19
Этого нельзя было предполагать и предвидеть, но то, что случилось, случилось, и земля сейчас была окутана слепящим вихрем слухов, предположений, горя, надежд, политических прогнозов, внезапных глобальных катастроф, и все это было связано с одним коротким словом: «Сталин». И в президентских дворцах, и в парламентах, в подземных лабиринтах хранилищ концернов, где жирно поблескивали груды золота, там, где, по существу, рождалась, оттачивалась, откуда затем торжественно и неукоснительно провозглашалась воля президентов и правительств (ей всегда пытались придать значение «воли народа»), нервно прислушивались, а не подвигается ли сейчас сама земная ось, не смещается ли самый центр тяжести.

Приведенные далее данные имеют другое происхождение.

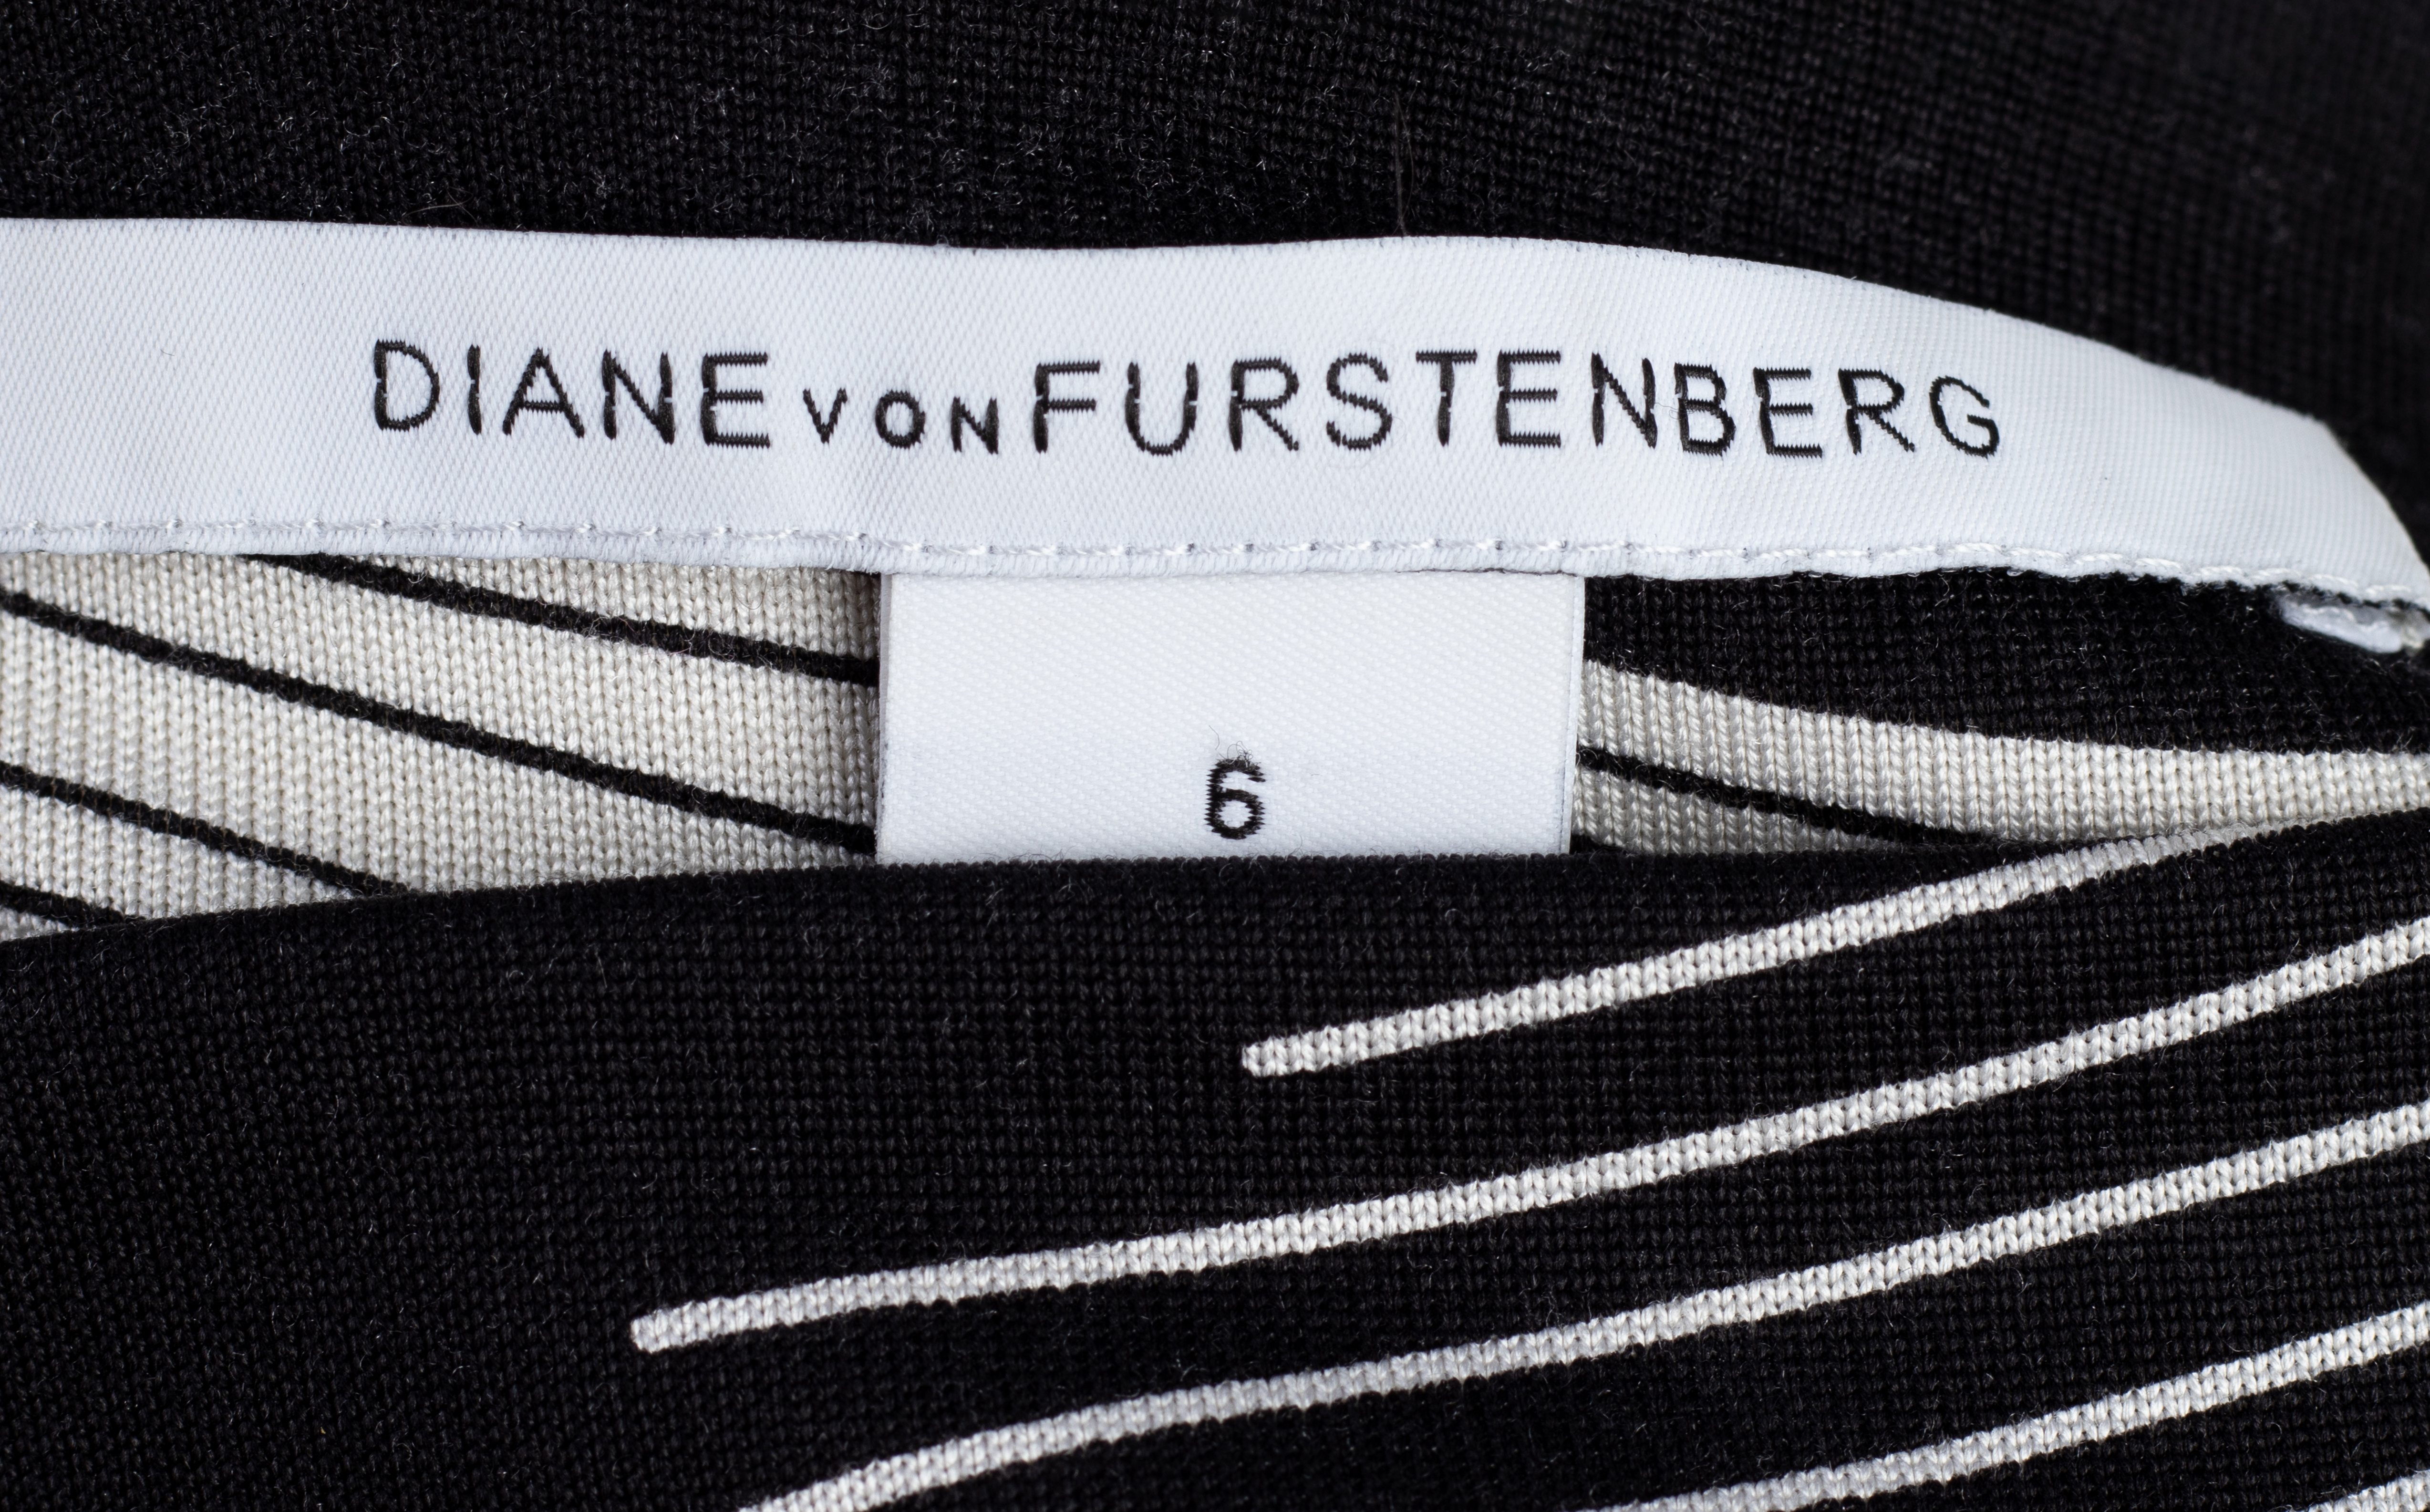 A DIANE VON FURSTENBERG BLACK & WHITE LONG SLEEVE DRESS - Image 3 of 3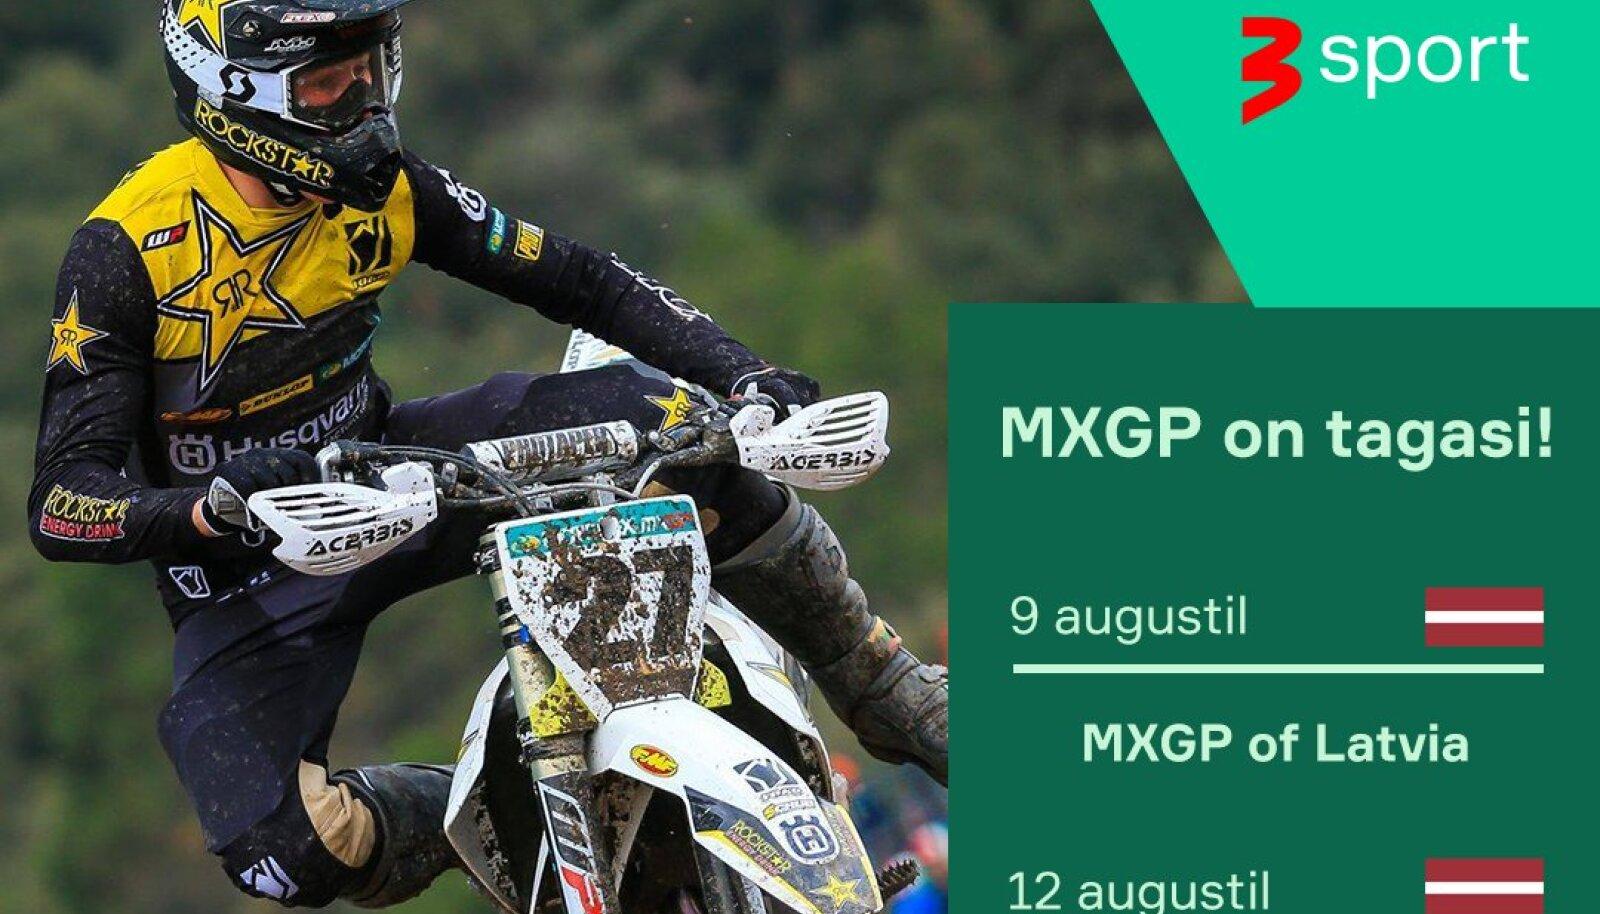 MXGP tuleb tagasi

Брюханов шел по Москве, уже где-то далеко-далеко от центральных улиц и площадей, и вокруг по прежнему кипело многолюдье. Он сейчас брел безо всякого направления и смысла; смысл был только в самой непрерывности движения. Почти сутки он был на ногах, почти сутки не ел, но голода как-то не ощущалось; что-то парализующее, цепенящее его волю мешало ему наконец выбраться из людских водоворотов и вернуться домой, в обычное русло, в привычною колею. Мучительное нарастающее беспокойство, несмотря на усталость (он едва держался на ногах), гнало его дальше из улицы в улицу, ему необходимо было подавить этот непрерывно разгоравшийся и мучивший его центр, чтобы он, этот центр, не взорвался от перенапряжения и не разрушил в нем окончательно все основы.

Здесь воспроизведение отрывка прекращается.